*** Opening of Provided records ***
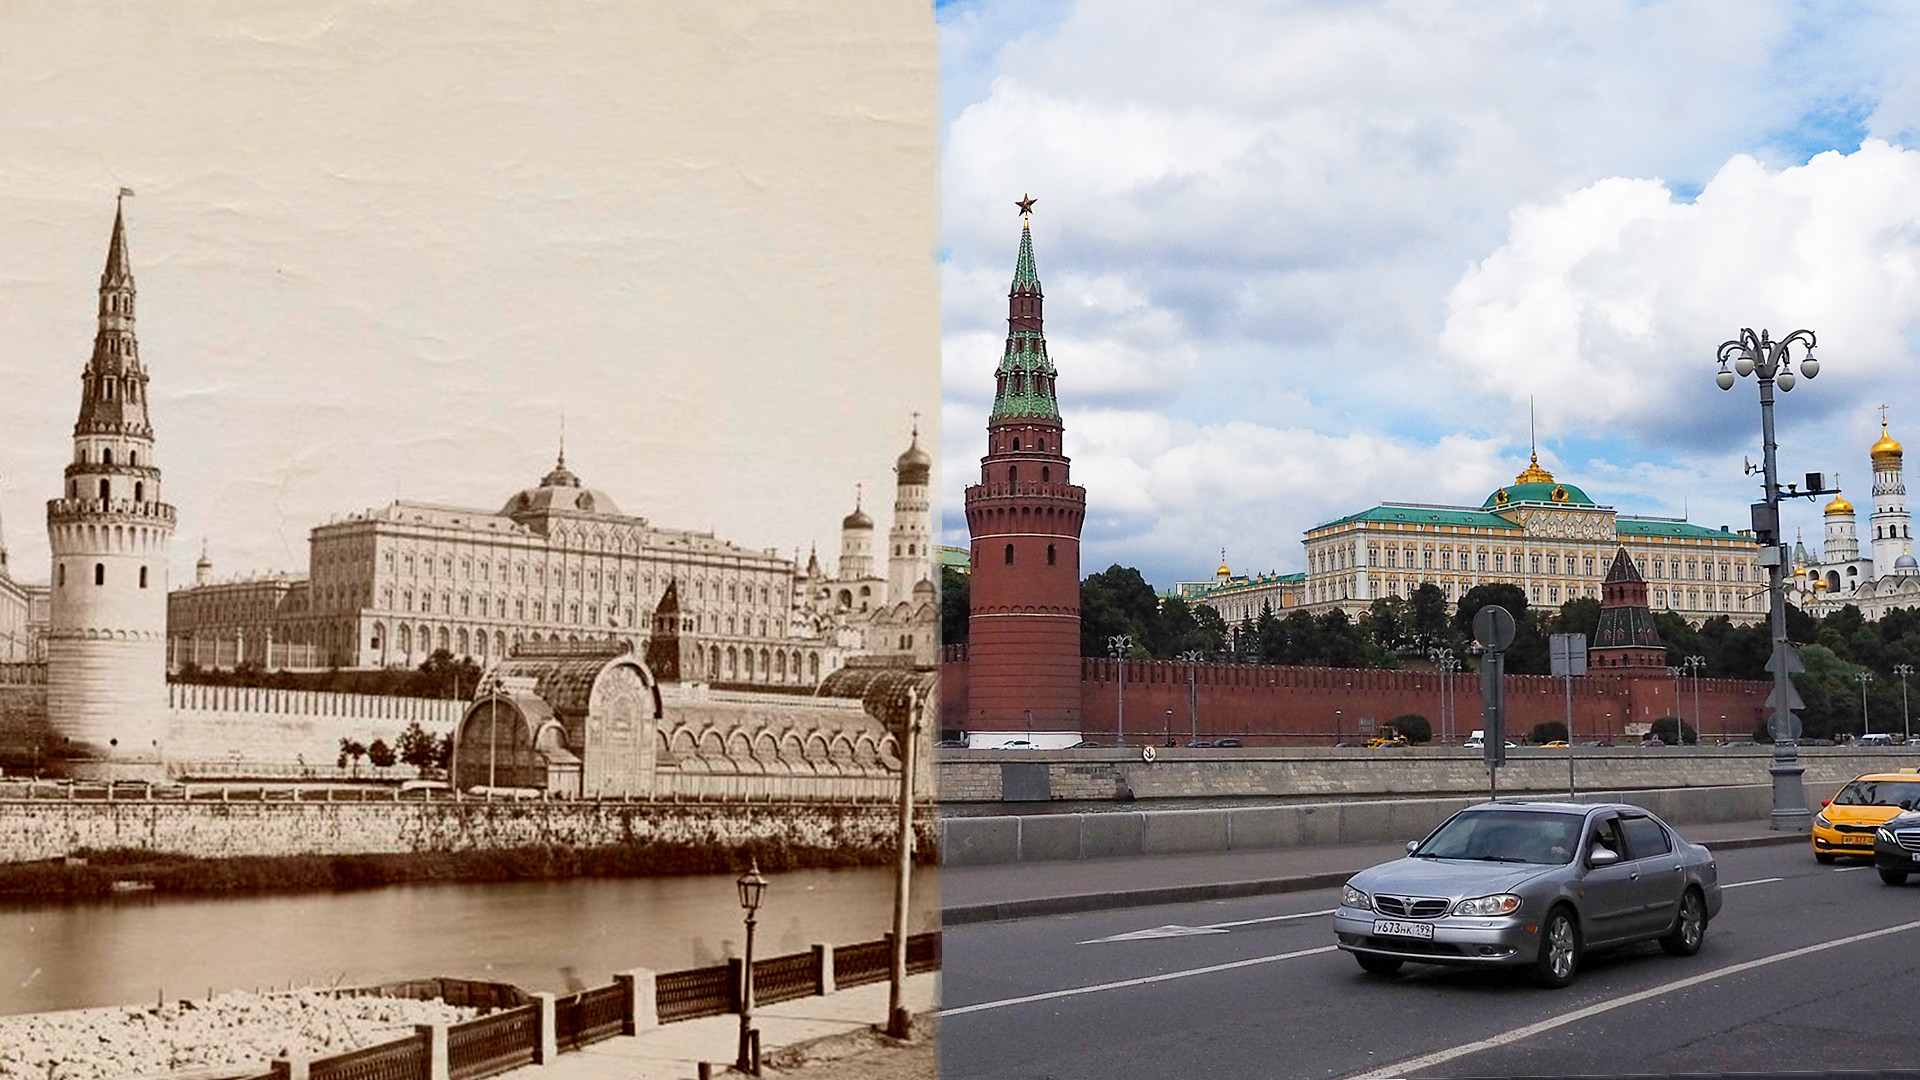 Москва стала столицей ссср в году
*** Close of Provided records ***
*** Opening of Provided records ***
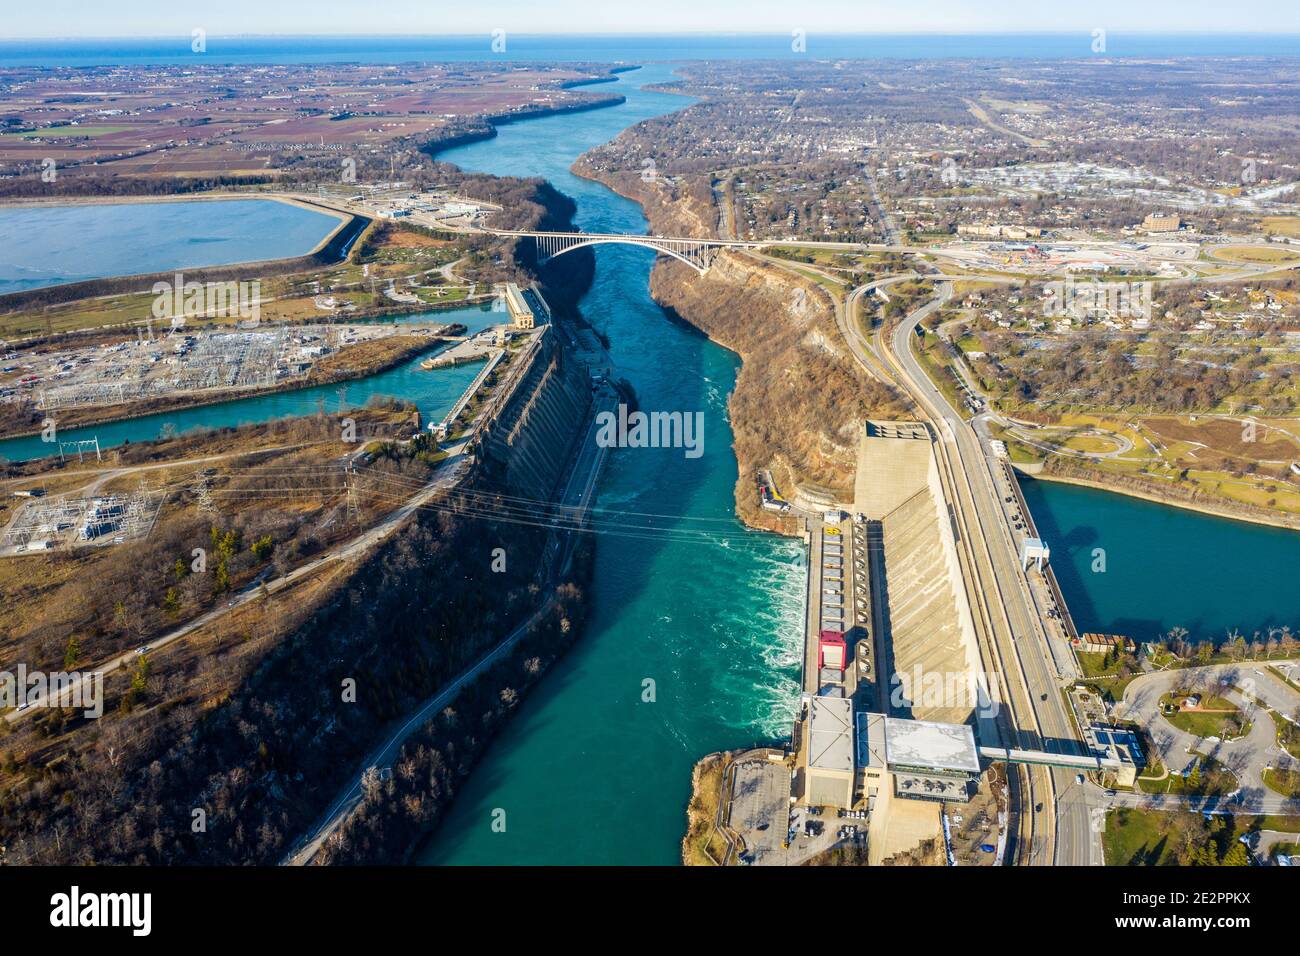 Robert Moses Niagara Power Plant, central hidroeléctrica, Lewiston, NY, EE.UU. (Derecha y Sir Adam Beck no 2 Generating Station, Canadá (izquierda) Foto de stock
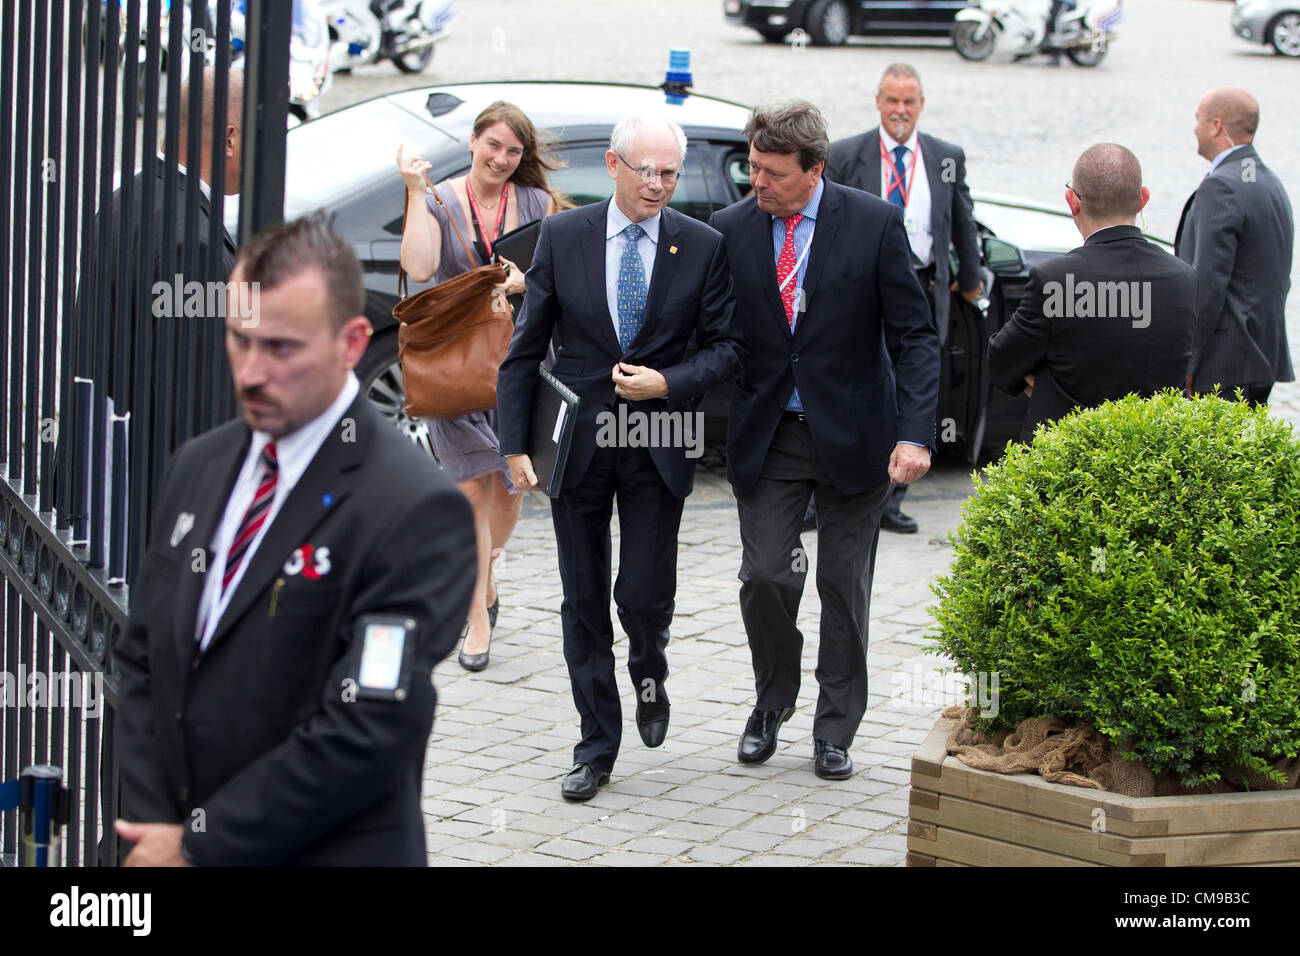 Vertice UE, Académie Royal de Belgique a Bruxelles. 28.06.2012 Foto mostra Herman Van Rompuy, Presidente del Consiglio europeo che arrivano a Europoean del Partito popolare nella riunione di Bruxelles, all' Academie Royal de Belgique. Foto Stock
*** Close of Provided records ***
Could you output exactly the lines above, from the line with "Robert Moses Niagara" up to and including the line with "Vertice UE, Académie", and nothing else, skipping the pictures?

 Robert Moses Niagara Power Plant, central hidroeléctrica, Lewiston, NY, EE.UU. (Derecha y Sir Adam Beck no 2 Generating Station, Canadá (izquierda) Foto de stock
 Vertice UE, Académie Royal de Belgique a Bruxelles. 28.06.2012 Foto mostra Herman Van Rompuy, Presidente del Consiglio europeo che arrivano a Europoean del Partito popolare nella riunione di Bruxelles, all' Academie Royal de Belgique. Foto Stock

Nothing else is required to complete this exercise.